Products that impress me as having much more “out-of-the-box” at a more reasonable cost are clearly leaders in their unique domains. They have important clients achieving a good deal of benefit at a reasonable cost, in a short period of time. They have products that can be installed, implemented and maintained internally without a large staff of administrators, and they have good reputations among their clients for responsiveness and a cohesive series of roll-outs. Several have as many or more clients than Fast ever had (if we ever know the real number). Coveo, Exalead, ISYS, Recommind, Vivisimo, and X1 are a few of a select group that are marking a mark in their respective niches, as products ready for action with a short implementation cycle (weeks or months not years).
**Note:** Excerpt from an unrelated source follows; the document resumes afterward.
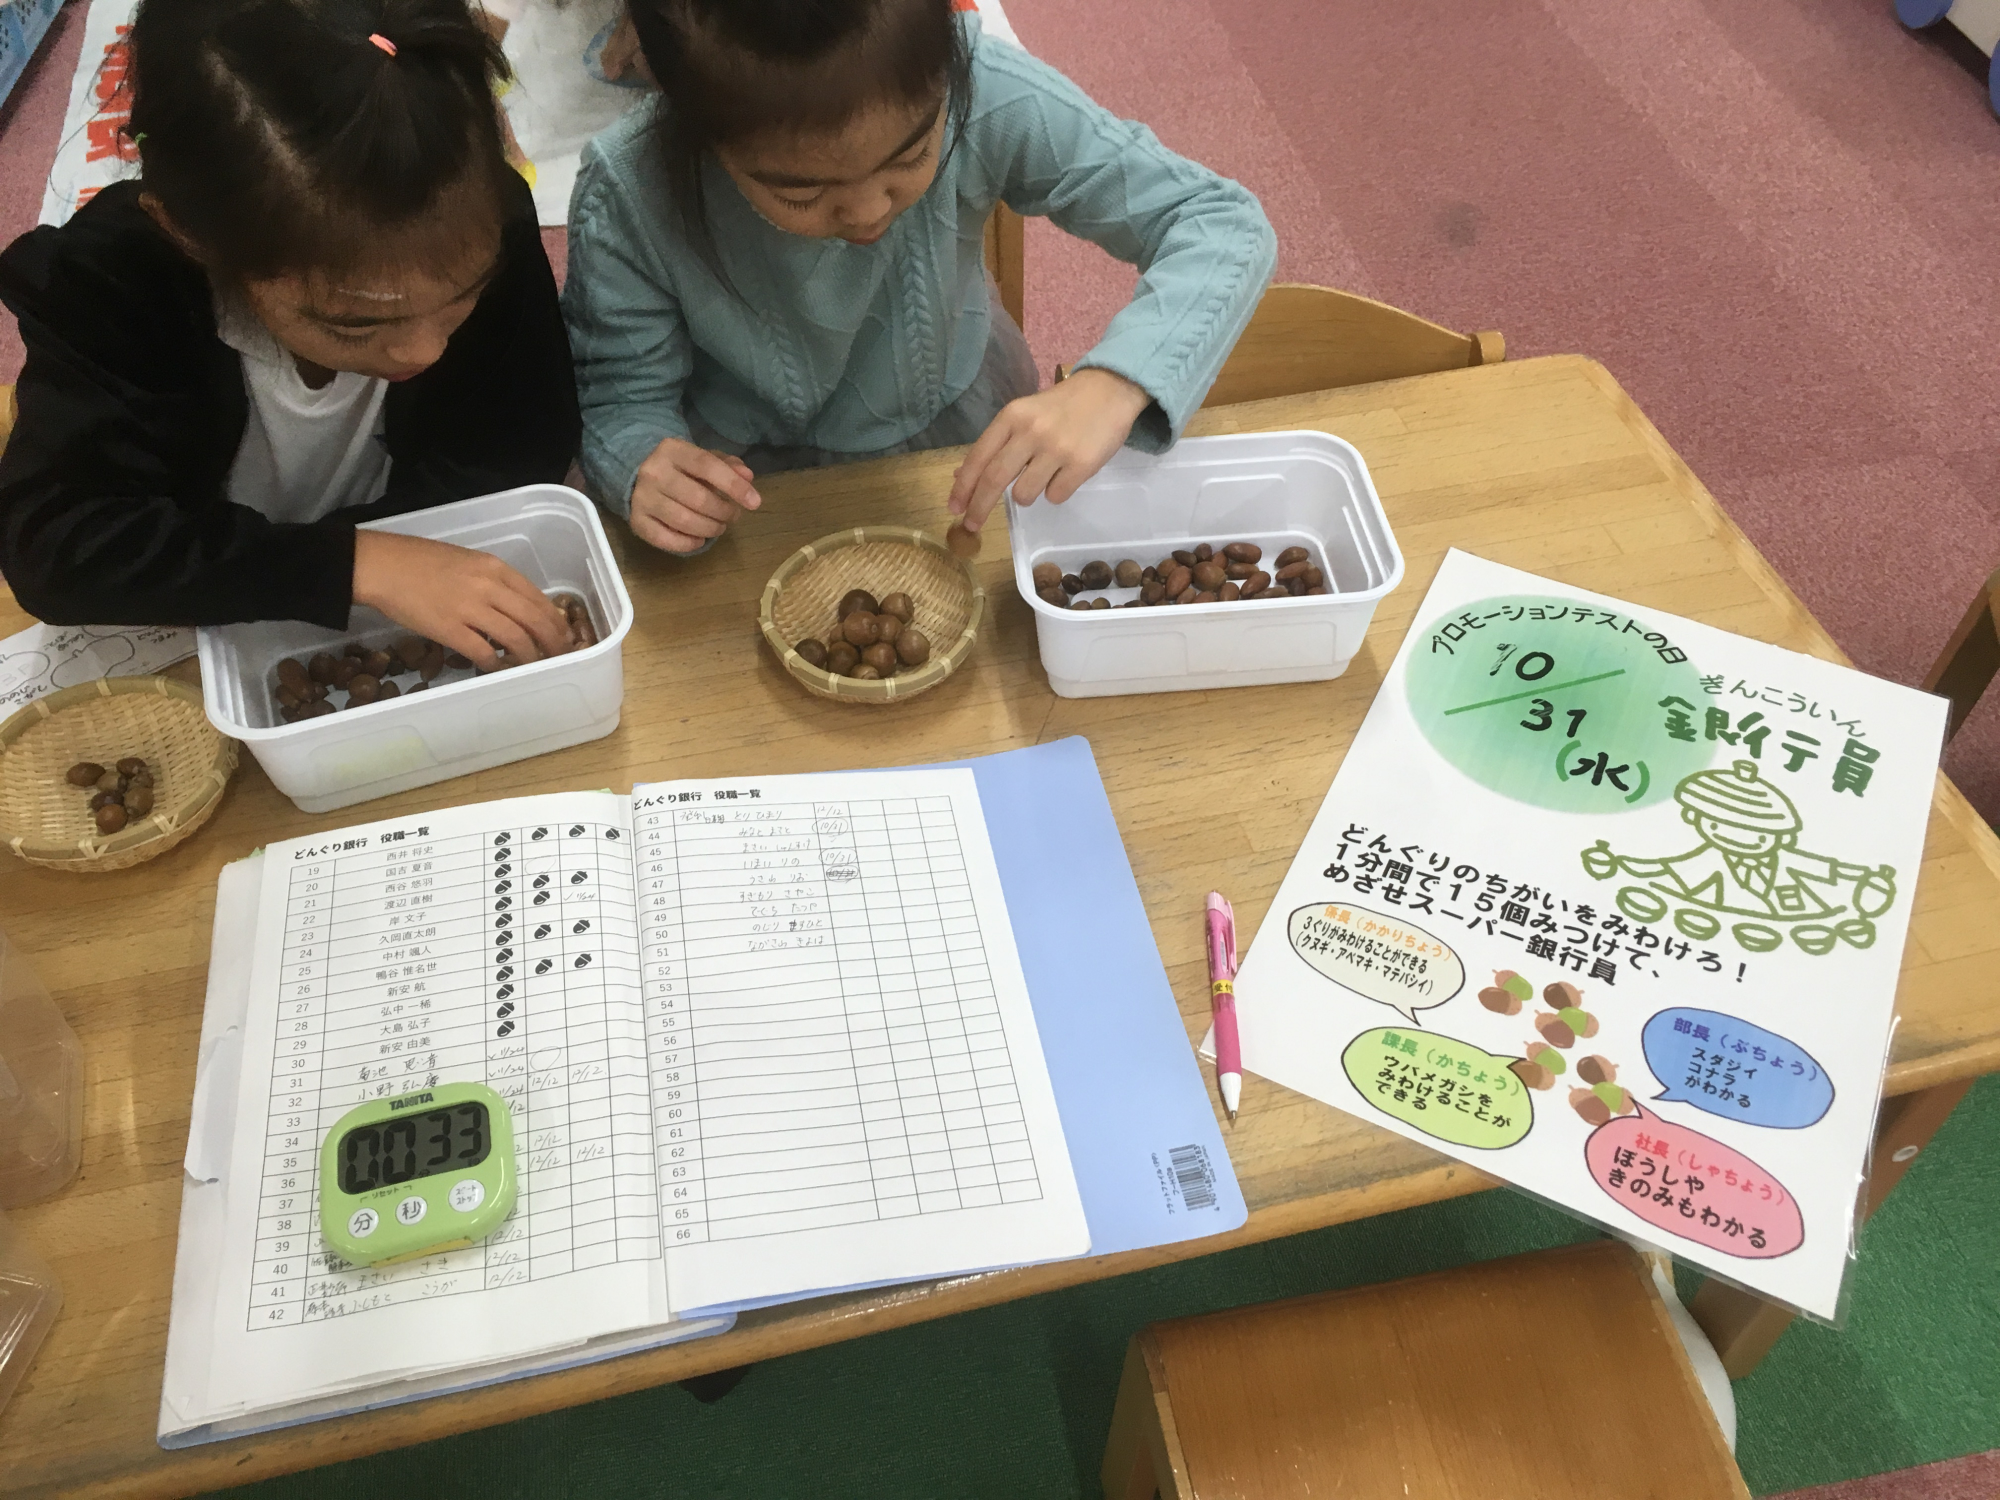 神戸市立六甲道児童館「どんぐりマーケット第一回銀行員テスト」

Autonomy and Endeca continue to bring value to very large projects in large companies but are not plug-and-play solutions, by any means. Oracle, IBM, and Microsoft offer search solutions of a very different type with a heavy vendor or third-party service requirement. Google Search Appliance has a much larger installed base than any of these but needs serious tuning and customization to make it suitable to enterprise needs. Take the “leadership” designation with a big grain of salt because what leads on the charts may be exactly what bogs you down. There are no generic, one-suit-fits-all enterprise search solutions including those in the “leaders” quadrant.
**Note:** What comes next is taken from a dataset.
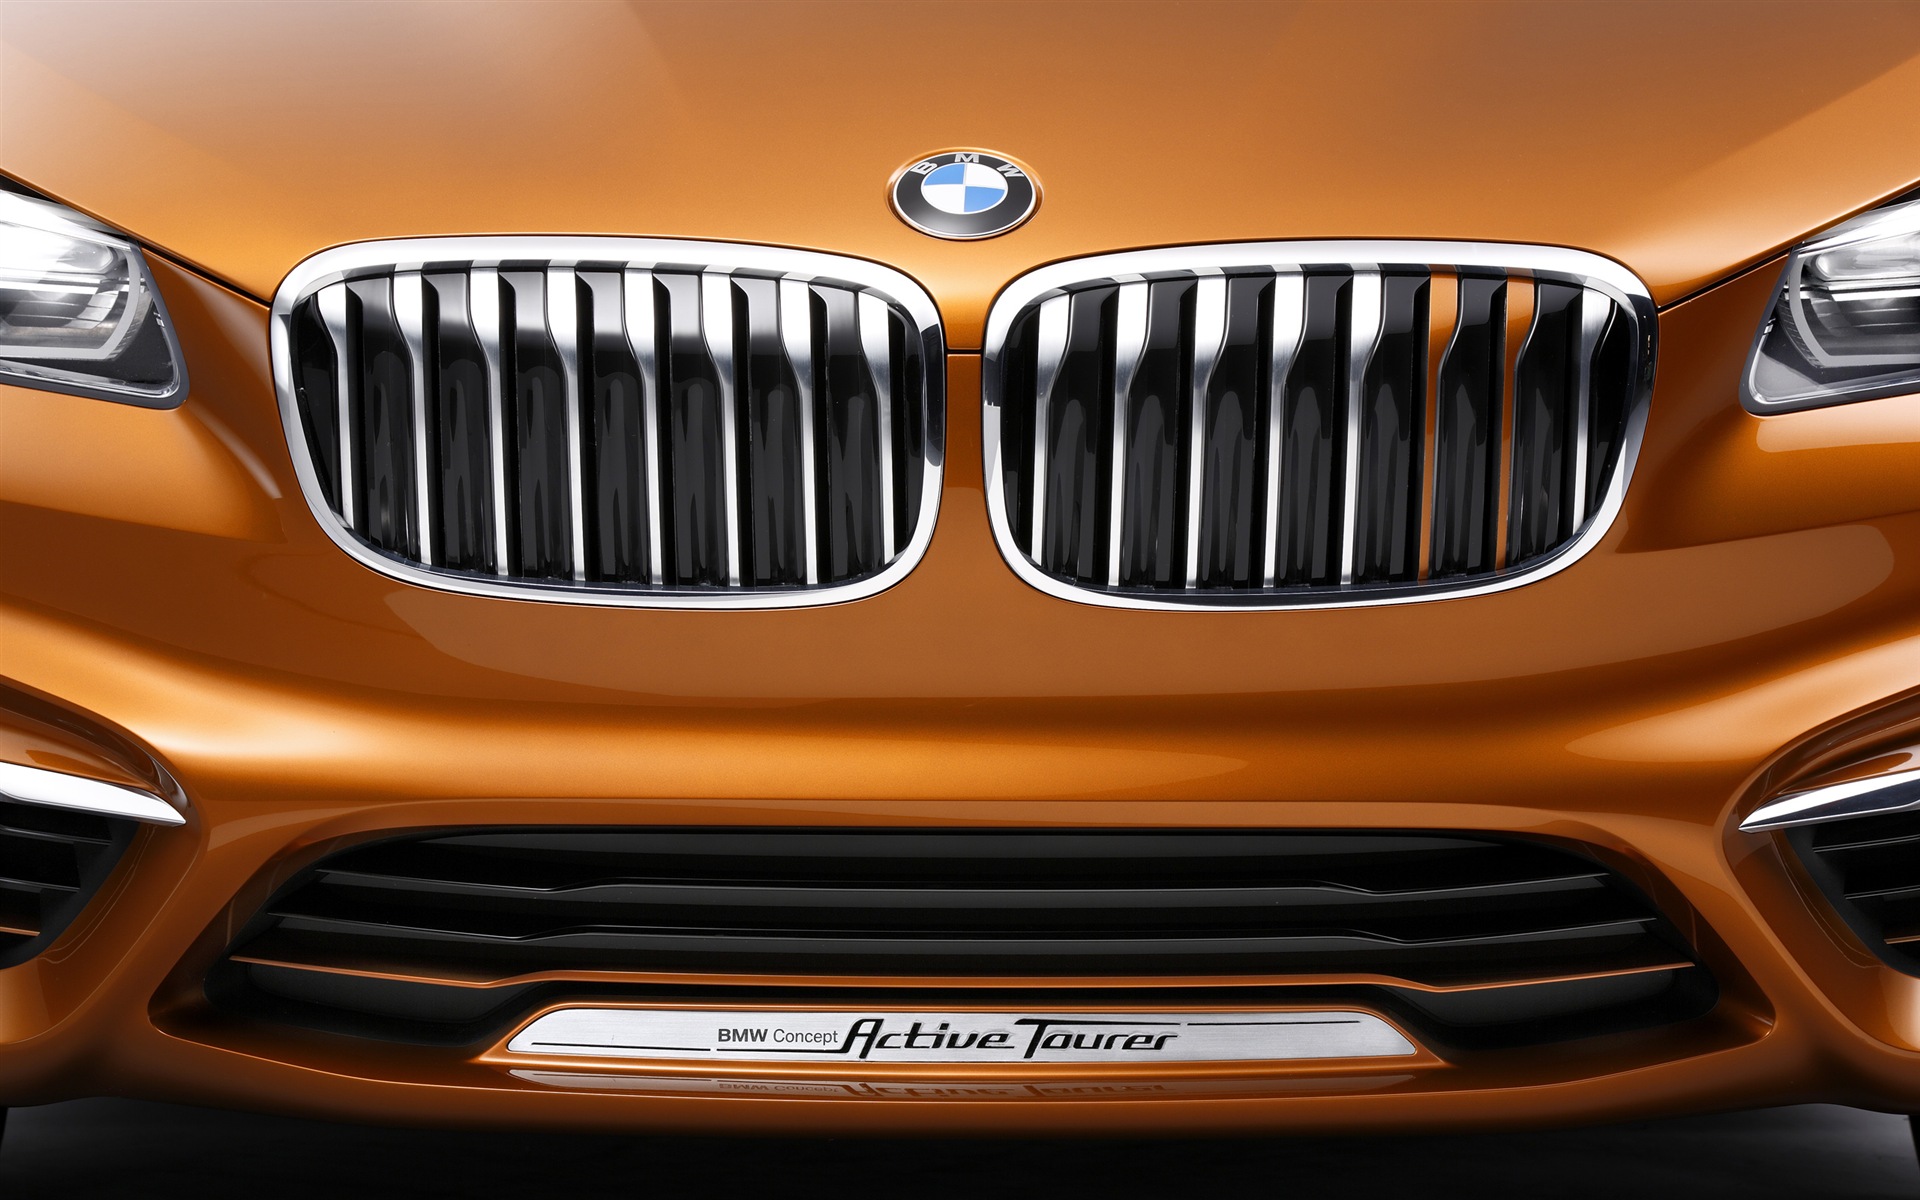 2013 BMWコンセプトアクティブツアラーのHDの壁紙 #15 - 1920x1200

The Future of Enterprise Search

We’ve been especially focused on enterprise search this year. In addition to Lynda’s blog and our normal conference coverage, we have released two extensive reports, one authored by Lynda and one by Stephen Arnold, and Udi Manber VP Engineering, Search, Google, keynoted our San Francisco conference. We are continuing this focus at our upcoming Boston conference where Prabhakar Raghavan, Head of Yahoo! Research, will provide the opening keynote.

Prabhakar’s talk is titled “The Future of Search”. The reason I added “enterprise” to the title of the post, is that Prabhakar’s talk will be of special interest to enterprises because of its emphasis on complex data in databases and marked-up content repositories. Prabhakar’s background includes stints CTO at Verity and IBM so enterprise (or, if you prefer “behind-the-firewall”, or “intranet”) search requirements are not new to him.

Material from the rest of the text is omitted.